# changing bedding



## scgirl (Nov 3, 2009)

Can anyone give me a general idea of how often to change bedding? I had read (somewhere) that it should be left in the winter to help provide heat, just adding onew stuff on top. Not sure if I like that idea though. Part of the barn is raised with a wooden floor, then we added on to it, but no floor, just dirt. 
Thanks,
Amber


----------



## Hollybrook (Jul 17, 2009)

I change it every other day completly unless its raining then it needs daily i also imagine size of area, number of goats and what you are using? Wood chips seem to absorb so much more than hay. We only have 1 doe in milk now so usually add extra hay to her bed on the off day. 

Dave


----------



## scgirl (Nov 3, 2009)

Thanks, Dave, I'm using hay, but it's really expensive here. What kind of wood chips would that be, anything specific? 
Thanks,
Amber


----------



## NubianSoaps.com (Oct 26, 2007)

How about just cleaning the really dirty areas, or wet areas? I simply can't afford to clean out my shavings or straw daily, and it doesn't need it, although I have friends who do this also. I also am not dealing with the cold, I am dealing with damp chill, so for us it's much more about keeping the bedding dry, rather than making a manure pack so it keeps the barn warm. I still rake and put down clean shavings in areas that are icky, at least weekly...but I won't even be bedding the barn with my shavings and straw until end of January when does will be heavy bred. Then instead of about 3 or 4 inches of shavings over the sand there will be a good foot of so layer with another foot of straw.

Hay makes for some awful bedding, it does keep the girls up off the wet and damp dirt, but it a pain to clean out, all that matted urine soaked pats it forms. It also means composting all of it because of seeds, where straw and shavings both can simply be put right onto the garden, right around trees, so my compost pile stay a manageable size  Like 5 feet tall!

Rethink the hay, but hopefully one of the gals in your area chime in. Vicki


----------



## Painted Pony (Apr 12, 2009)

If you do the deep bedding method (leaving it in and adding to the top) it is a PITA to dig out come spring unless you have a bucket or something to do the work. I pick the wet spots and large clumps of berries daily and add new bedding, I clean it all out once or month depending on the particular stall. My bedding is a mix of shavings and the hay the goats waste. I compost it for the garden and pasture.


----------



## hsmomof4 (Oct 31, 2008)

I change out whatever is wet every day and as much of the berries as I can get, and leave the rest.

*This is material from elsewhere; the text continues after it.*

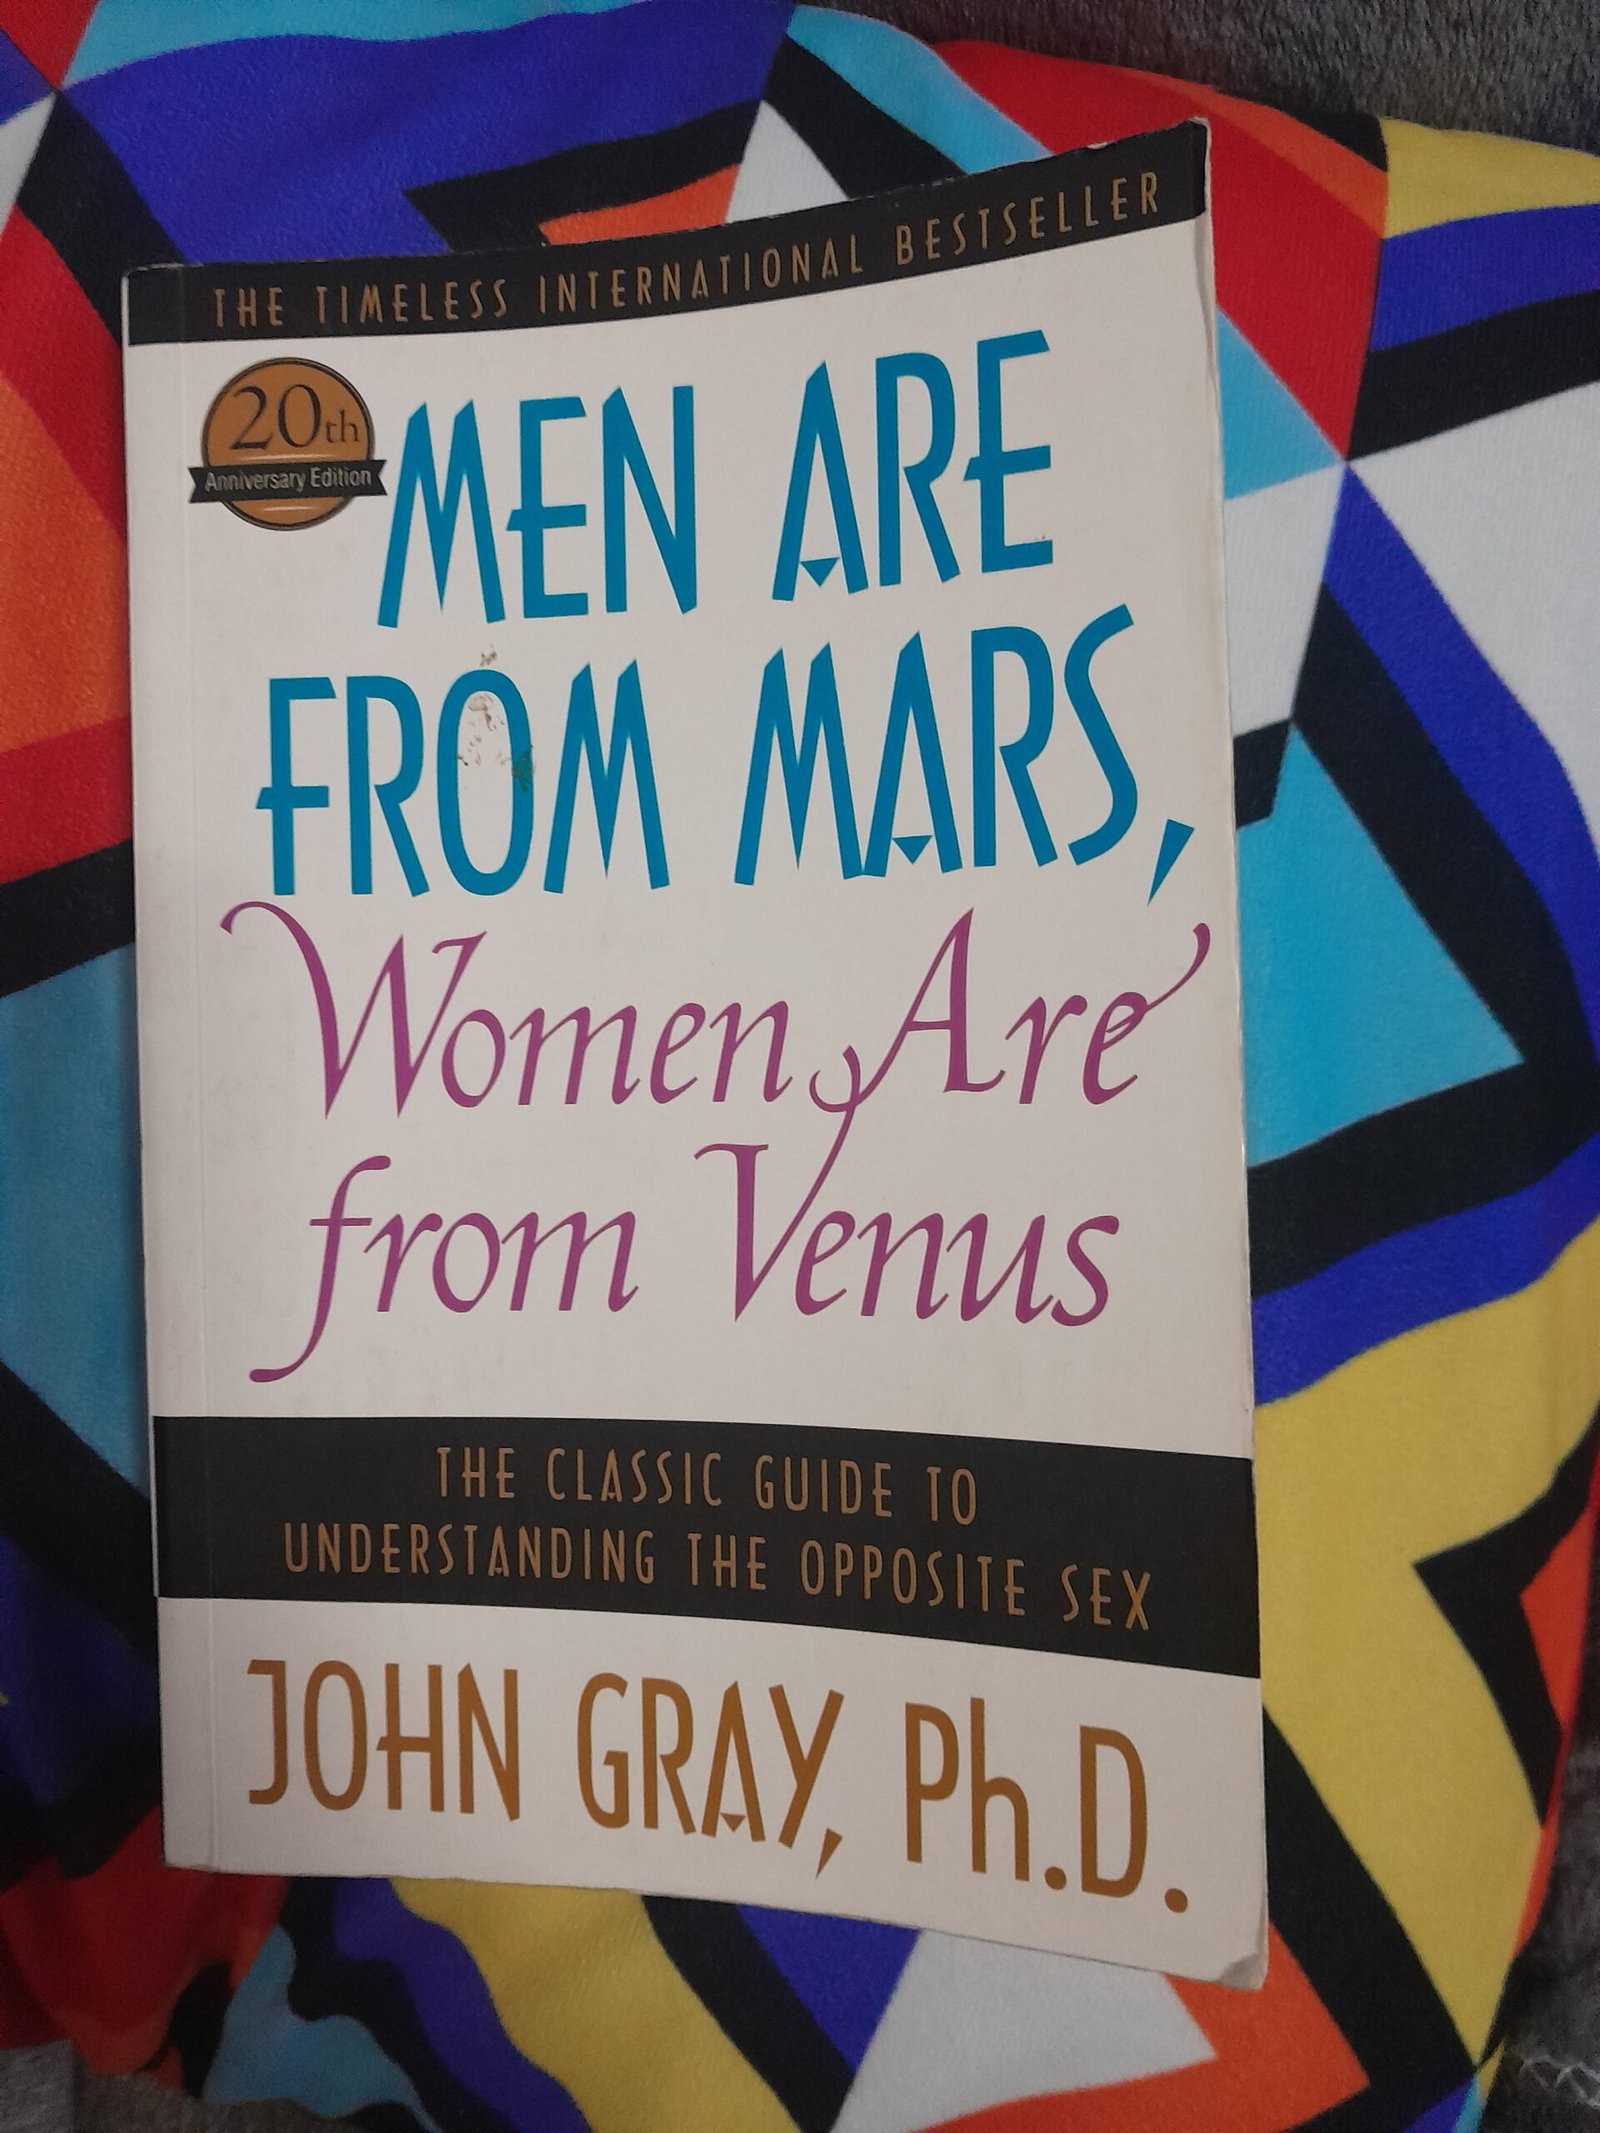 Men Are from Mars, Women Are from Venus: The Classic Guide to

I do a complete change whenever it looks or smells like it needs it. We use paper shavings from the feed store; they absorb very well. I was introduced to them before we lived here, when we had to board our horse at a stable. The feed store ran out of wood shavings temporarily but they had paper shavings still so I got some of those to use for my horse. They absorb better than wood shavings and break down more quickly in the compost pile, and they cost less, at least here, for the same amount. (Maybe if I could get wood shaving type stuff from a saw mill or something in bulk, that would be cheaper, I dunno.) 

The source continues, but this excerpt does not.